• millet ne cigaralar içiyor
  • aslında uyuyoruz, ama aslında uyanığız. uyurken her şeyi yapıyor uyanınca da ellerimiz kollarımız bağlanıyor zincire vuruluyoruz. rüyalar dünyanın en güzel şeyidir.
  • tek seferde okuyup anlayana ödül verilesi başlık. 1 virgül bu kadar zor mu yahu ?
  • arkadaş " moleküler bütünlüğe sahip olmayan insanlar avatarların (yani sözde bizim) içine girerek onları yönetebiliyor, onlar dokunduğunda, seviştiğinde, karnını doyurduğunda aynı hisleri bilinçsel düzeyde bile olsa hissedebiliyor. " demiş.

    peki o zaman dünyada sevişemeden,karnını doyuramadan hatta kör,sağır ve dilsiz olarak dünyaya gelip ölen insanları kim ne diye avatar olarak yaratıyor ? sorusuyla çürüttüğüm teoridir.
  • uyanıkken insanların dünyası ortaktır, ama uykuda herkesin ayrı bir evreni vardır. (bkz: marguerite yourcenar)
  • adını vermemin doğru olmadığı amerikalı bir bilim adamından, ispatlandığını teyit ettiğim teori.

    bu teoriye göre şu an yaklaşık olarak m.s. 720.000 civarında bir yılın içindeyiz. bundan bir kaç yüz bin yıl önce insanlık samanyolu galaksisinde, dünyaya yakın gezegenlerde koloniler kurmuş ve yaklaşık 80 milyar nüfusa ulaşmıştı. sebebi bilinmeyen bir felaket yüzünden samanyolu galaksisi yok olma tehlikesi altına girmiş ama bu 80 milyar insanın hepsini samanyolu'na en benzer galaksi olan msrc-3310 gezegenine taşımak teknik sebeplerden dolayı mümkün değilmiş.

    bu yüzden yaklaşık 3 milyar kadar nüfus msrc-3310'a ulaşmak için yola çıkmış. geri kalan insanlar için ise "moleküler refüzyon parçacık ayrıştırıcısı" denen makine icat edilmiş. bu makine insanları şu an gözlemlenmesi teknolojik olarak mümkün olmayan atom altı parçacık altı parçacıklarına ayırırken aynı anda bilincini korumayı başararak 11. boyut üzerinden, evrende istetiği an istetiği yerde var olabilmesini sağlıyormuş. kısaca ölümsüzlük ve tanrısallık.

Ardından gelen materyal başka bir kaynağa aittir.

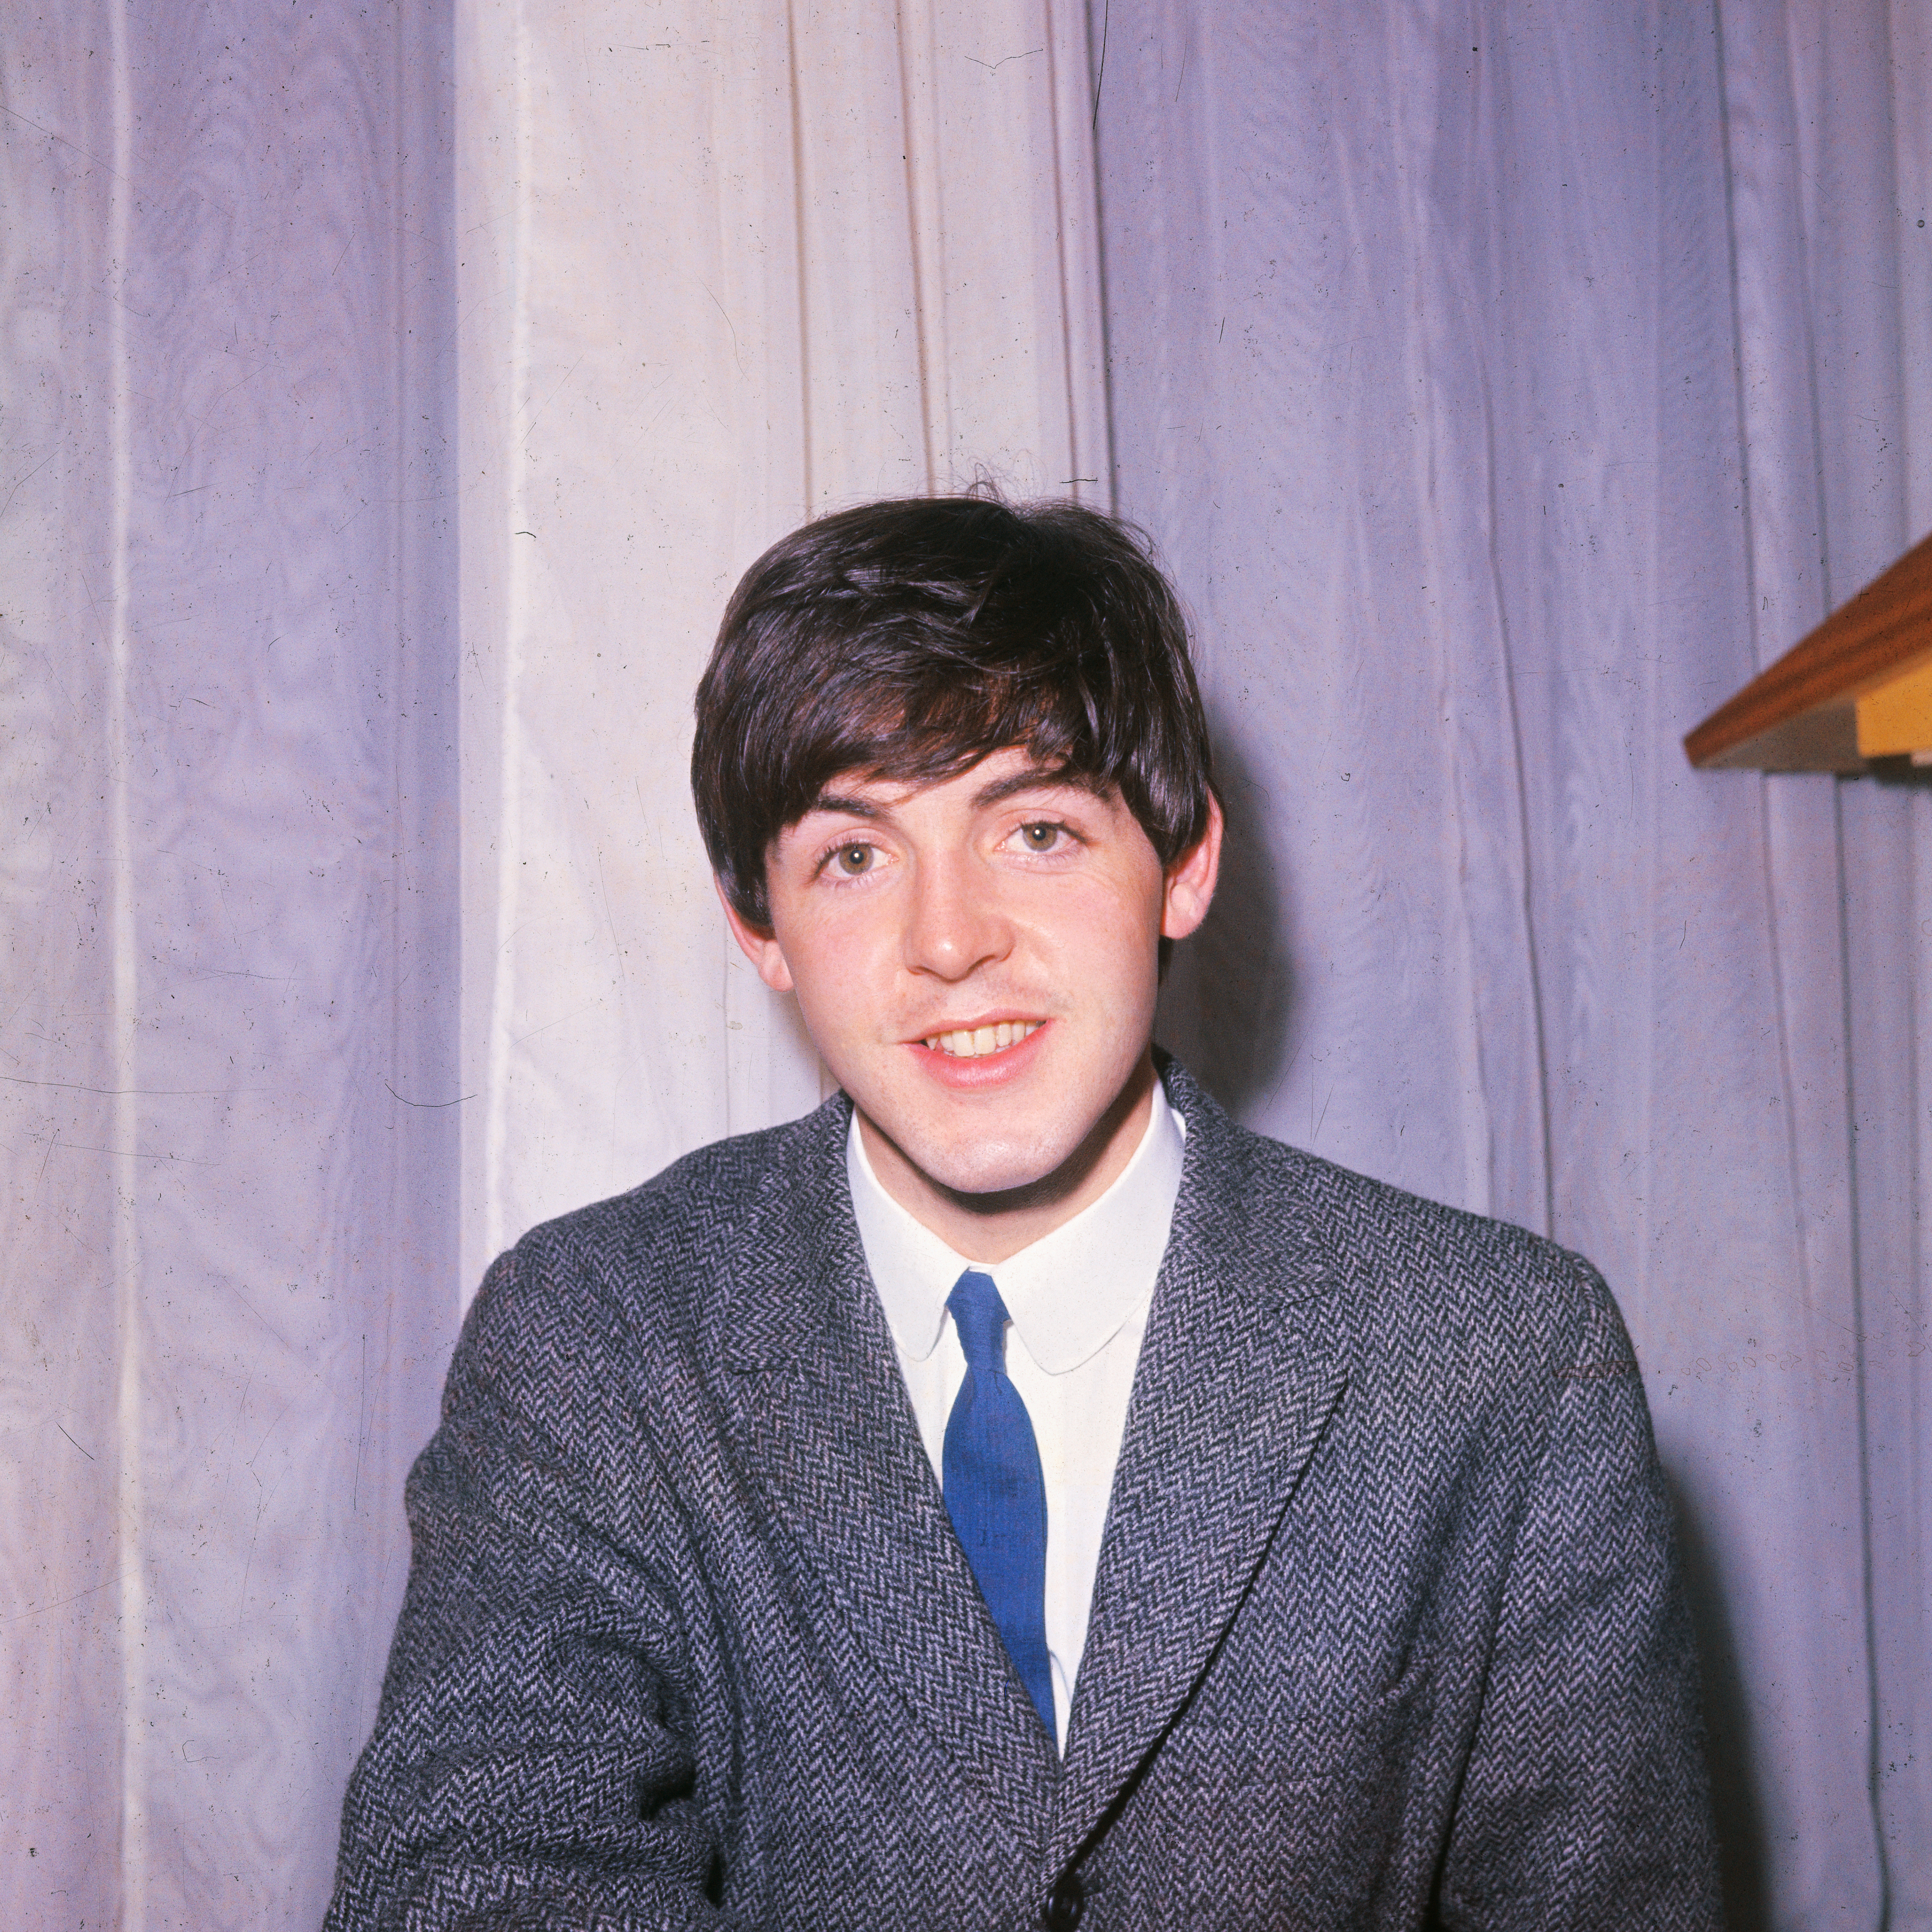 Paul McCartney poses on December 18, 1964 in London, England | Source: Getty Images

    yalnız bunun bedeli olarak moleküler bütünlüklerini kaybettikleri için bütün duyumsal becerilerini kaybetmişler. sadece diğer birbirleriyle telepatik yolla bilinçsel iletişim kurabiliyorlarmış. bunun getirdiği mutsuzluğu çözmenin yolu olarak msrc-3310'a ulaşan diğer insanlar geri kalanların diğer insanlar gibi yaşayabilmelerini sanal olarak bile olsa sağlamak için sanalsal-paralellik evreni projesini yaratmış. insanoğlunun m.ö. ve m.s. ilk bir kaç 10 bin yıllık döneminin sanal uyarlaması.

    bu moleküler bütünlüğe sahip olmayan insanlar avatarları içine girerek onları yönetebiliyor, onlar dokunduğunda, seviştiğinde, karnını doyurduğunda aynı hisleri bilinçsel düzeyde bile olsa hissedebiliyor.

    bu yüzden bizim şu an iç ses, iç güdü, arzu diye adlandırdığımız şeyler aslında avatarımızı yöneten diğer bilinçsel düzeydeki insanların yönlendirmesi. kısaca gerçek hayat dediğimiz evren aslında bu varlıkların rüyaları iken, bizim gördüğümüz rüyalar ise onların sistemdeki arızalarından kaynaklı olarak, boyutlar arası istenmeyen veri aktarımları.

    kimliğini açıklayamayacağım amerikalı kaynağımın dediğine göre bunu ortaya çıkaran ve teoriyi ispat eden ilk bilimadamı ve ekibi laboratuvarlarında siyanür içerek intihar(!) etmiş. bu olayı araştıran cia ajanlarından bazıları ise ortadan kaybolmuş ve haber alınamamış.